2014-07-18 15:30:18 | 宇宙

 理化学研究所と京都大学の研究チームは、地球上に存在する金やウランなど鉄より重い元素が、中性子星合体によってつくられたものである可能性が高いことを明らかにした。

 水素やヘリウムは宇宙の始まりのビッグバンにより生成され、それより重い鉄までの元素は恒星内部の核融合により生成される。レアアース、金やウランなど鉄よりさらに重い元素は、大量の中性子の核融合により生成されると考えられている。

 しかし、その大量の中性子の核融合がどのような天体現象によるものなのかについては、長い間明らかにされていなかった。

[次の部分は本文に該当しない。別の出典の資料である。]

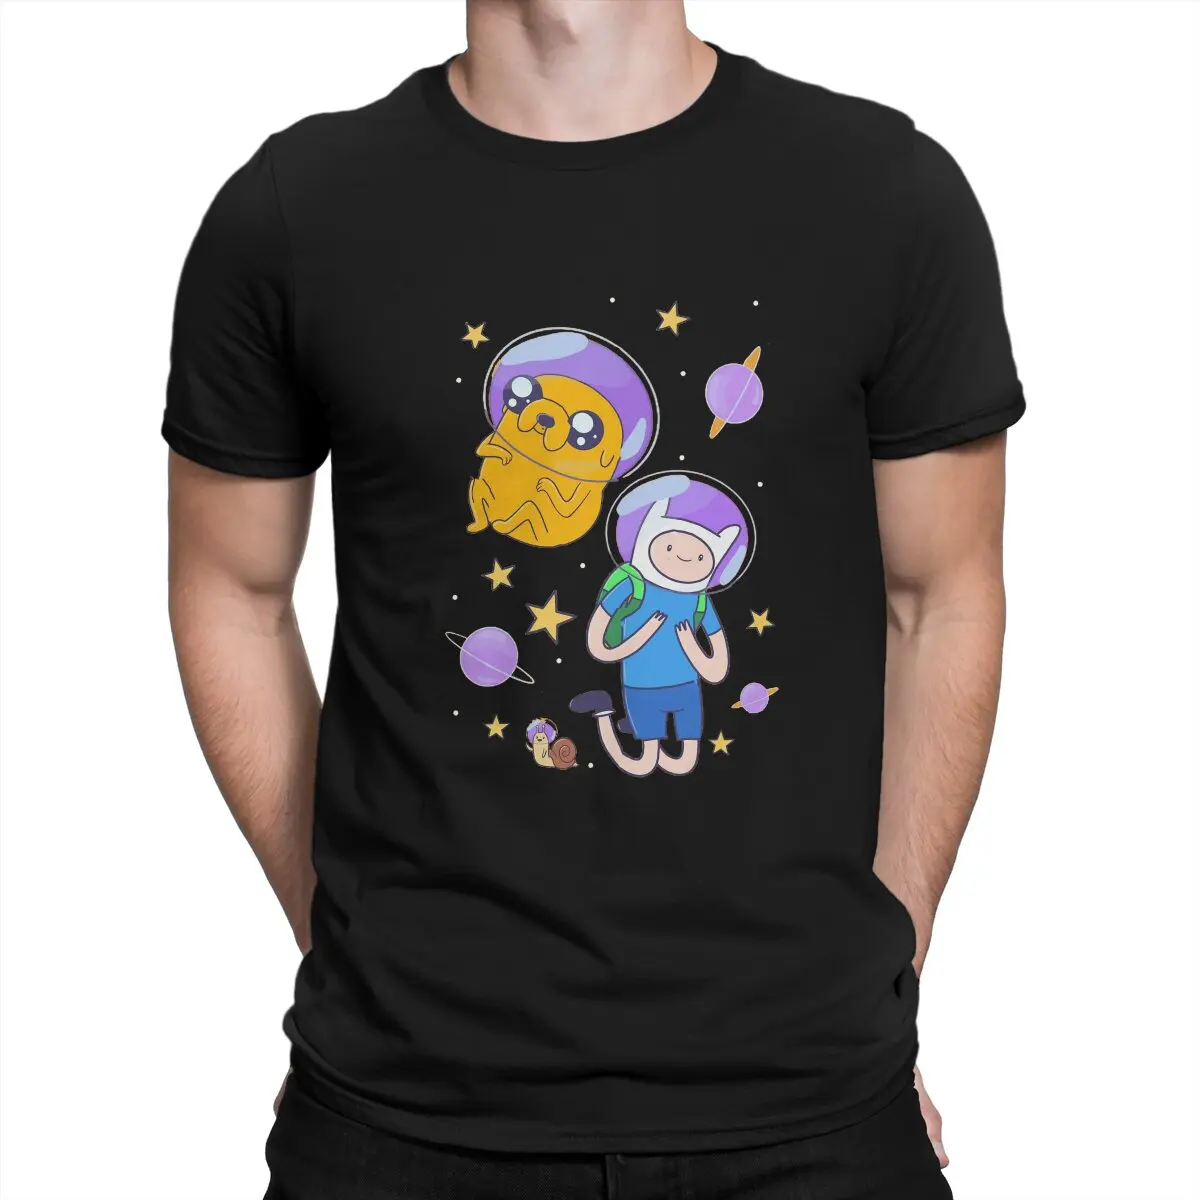 

Футболка мужская с графическим принтом, винтажная Альтернативная летняя рубашка из полиэстера, с рисунком сериала «Время приключений» и космических исследований

それは中性子星合体によるものであるとする説があるが、これまでの研究によると、放出される物質のほとんど(90%以上)が中性子であるために非常に重い元素だけがつくられると考えられ、太陽系や他の恒星で観測される重元素組成を説明できないことが問題となっていた。

 共同研究チームは、東京大学などのスーパーコンピューターを用いて、一般相対性理論とニュートリノの影響を考慮した場合の中性子星合体の数値シミュレーションを行った。

 その結果、中性子の一部がニュートリノを吸収して陽子に変わるため、中性子の割合が60~90%程度にまで減少することが分かった。

 この数値シミュレーション結果をもとに元素合成の数値計算をしたところ、観測による太陽系の重元素分布とほぼ一致していた。

 これにより、今まで明らかにされていなかった金やウランなどの鉄より重い元素の起源が、中性子星の合体である可能性が高いことが示された。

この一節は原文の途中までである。